Example budget scenarios:
| Team | Monthly Token Limit | Cost Cap |
|---|---|---|
| Dev Sandbox | 100,000 | $50 |
| Production API | 2,000,000 | $500 |
| Data Science | 500,000 | $200 |
4. Configure Model Routing for Efficiency
Model routing lets you send traffic to different models based on cost, quality, or use case. This is a powerful lever for controlling spend:
- Route low-priority or high-volume jobs to cheaper models (e.g., open-source LLMs)
- Reserve premium models (e.g., GPT-4) for critical tasks only
- Fallback to alternative models if cost caps are near
How to set up model routing:
- Define routing rules in your OpenClaw config (YAML or via the UI)
- Use conditional logic: e.g., "If monthly spend > $400, switch endpoint X to Model B"

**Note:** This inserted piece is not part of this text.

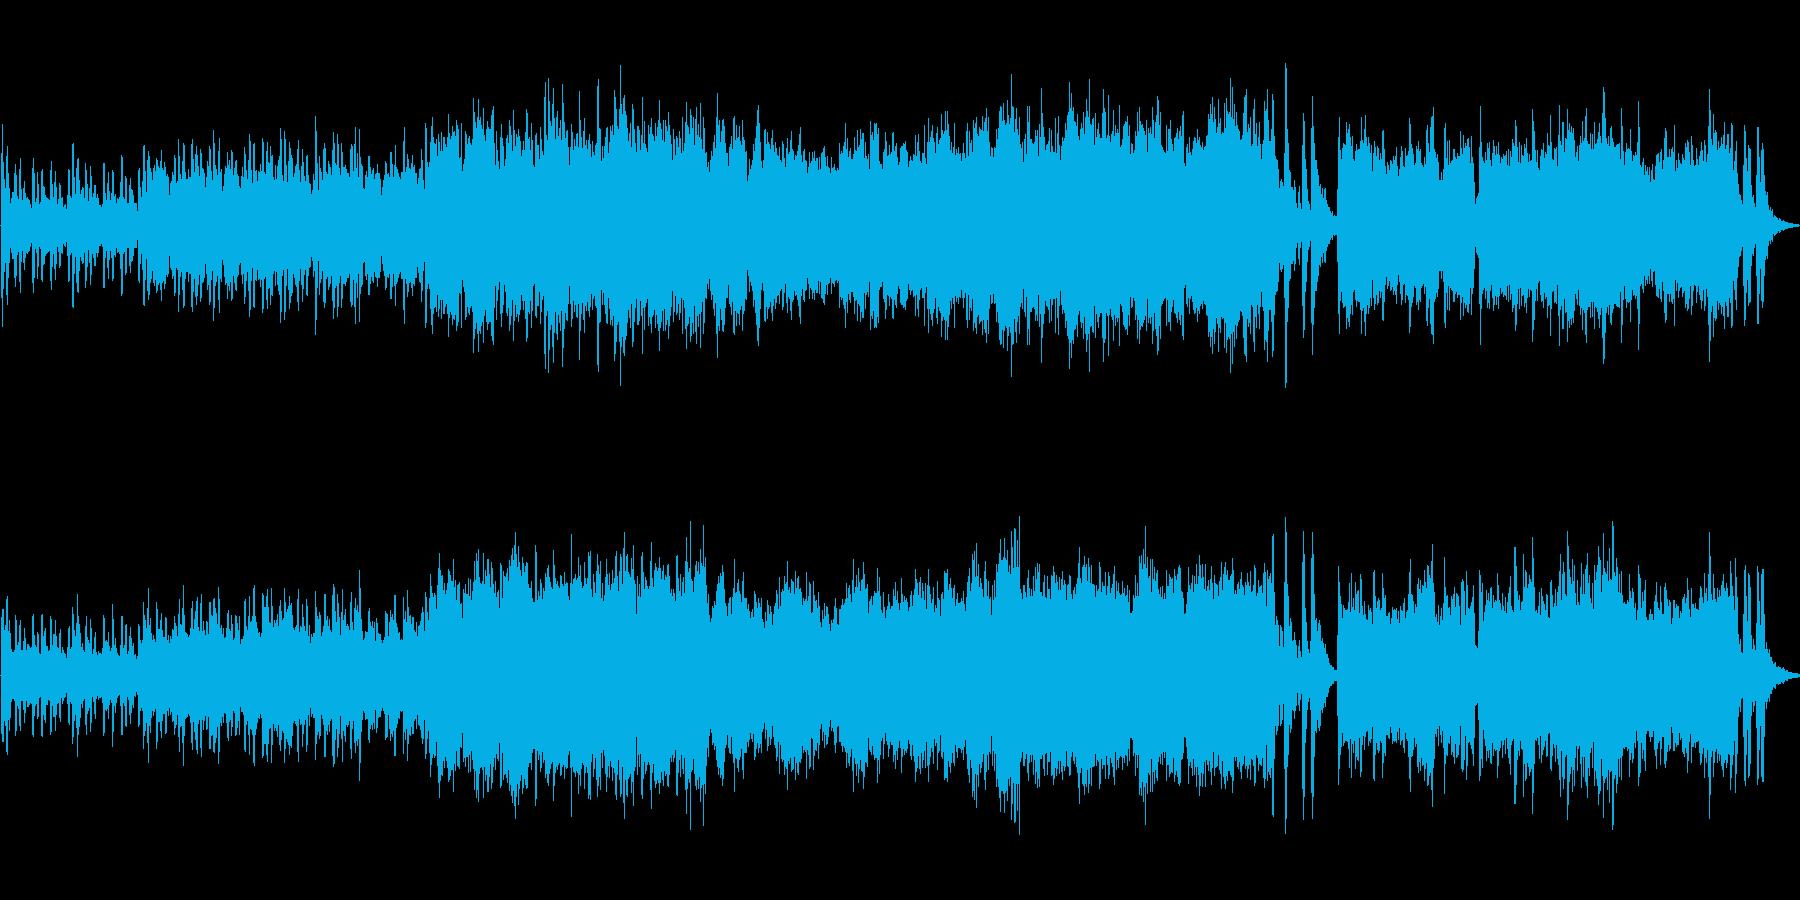 挫折感オーケストラ戦闘試練の再生済みの波形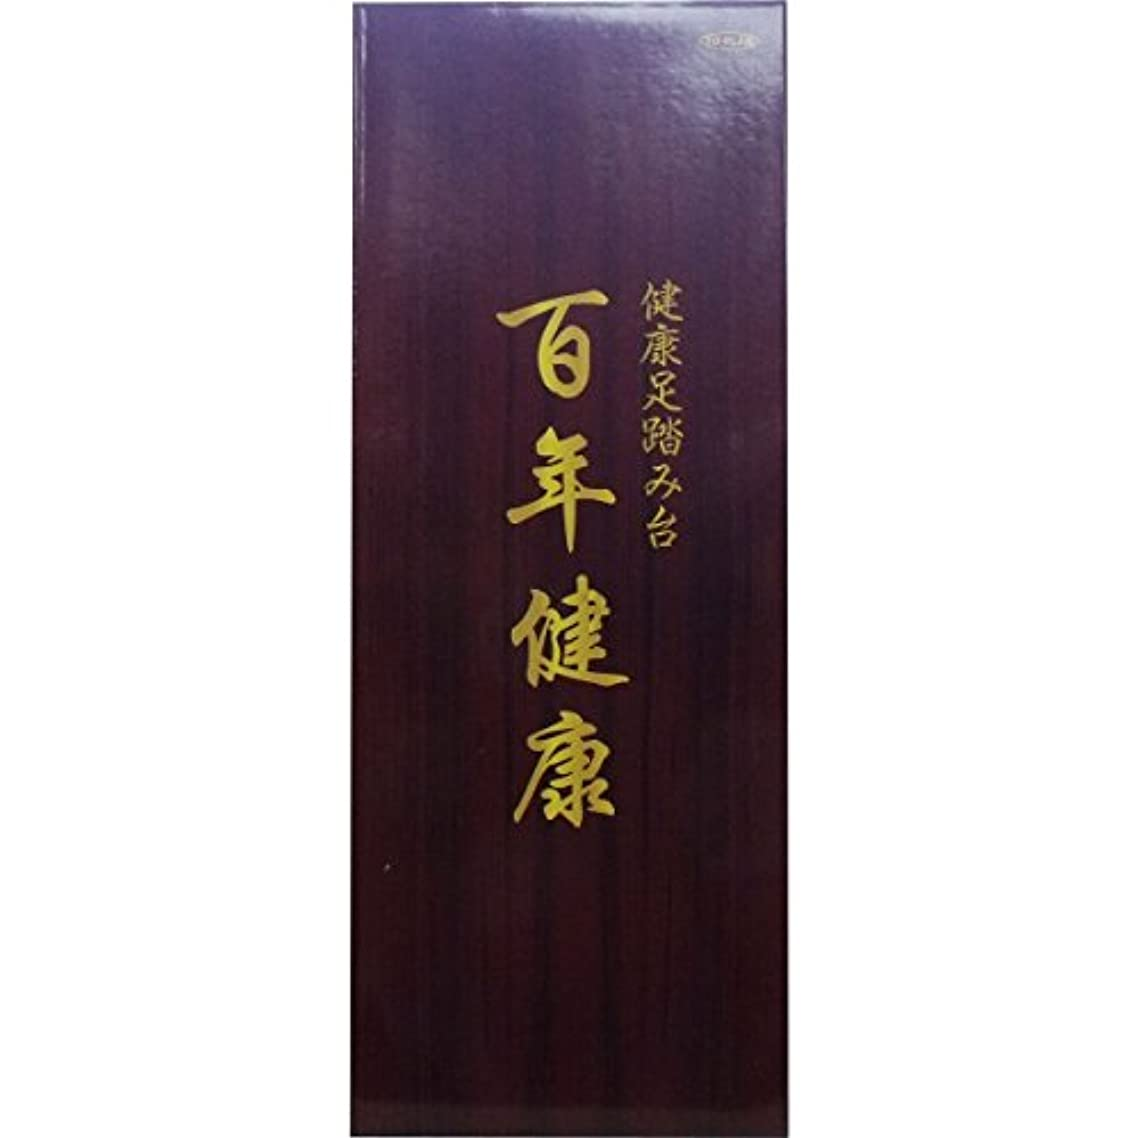 除去国旗バイバイ【お徳用 2 セット】 健康足踏み台 百年健康×2セット

- Test with non-production traffic before rolling out
Example rule:
model_routing:
- endpoint: /summarize
if_spend_above: 400
use_model: openclaw/llama-3
5. Enable Audit Logs for Transparency
Audit logs are essential for:
- Understanding cost spikes
- Tracing usage to users or apps
- Compliance and reporting
OpenClaw's audit logs capture:
- Who made each API call
- Which model was used
- Tokens consumed
- Timestamps and metadata
Setup tips:
- Enable logs at the project or org level
- Export logs to Clawbase (clawbase.com) or your SIEM for long-term analysis
- Review logs after any cost anomaly
6. Monitor and Adjust Regularly
Cost controls aren't "set and forget." Make it a habit to:
- Review usage dashboards weekly
- Adjust token limits and caps as your needs evolve
- Analyze audit logs for unexpected patterns
- Solicit feedback from your team on any friction
Pro tip: Integrate OpenClaw usage with your existing monitoring stack (e.g., Grafana, Datadog) for real-time alerts.
Example Budgets for Common Scenarios
Here are some sample budget setups to get you started:
Startup MVP
- Token limit: 250,000/month
- Cost cap: $100/month
- Model routing: Use open-source models unless flagged as "priority"
- Audit logs: Enabled for all endpoints
SaaS Feature Rollout
- Token limit: 1,000,000/month
- Cost cap: $300/month
- Model routing: Premium model for production, fallback to cheaper model if cap > 80%
- Audit logs: Exported to Clawbase for reporting
Enterprise Team
- Token limit: 5,000,000/month
- Cost cap: $2,000/month
- Model routing: Multi-tiered, with automated downgrades based on spend
- Audit logs: Integrated with SIEM, reviewed monthly
Integrating with Clawbase for Advanced Control
If you use Clawbase, you can:
- Visualize usage and costs across all OpenClaw projects
- Set up cross-project caps and alerts
- Correlate audit logs with other infra metrics
- Get granular, role-based access controls
This makes it easier to manage AI spend as your organization grows.
Conclusion
Setting up cost controls in OpenClaw is straightforward and essential for responsible AI operations. Start with clear usage goals, set token limits and cost caps, use model routing for efficiency, and enable audit logs for transparency. Regular monitoring and integration with tools like Clawbase can help you stay ahead of surprises.
With these practices, you can empower your team to innovate with AI—without losing sleep over the bill.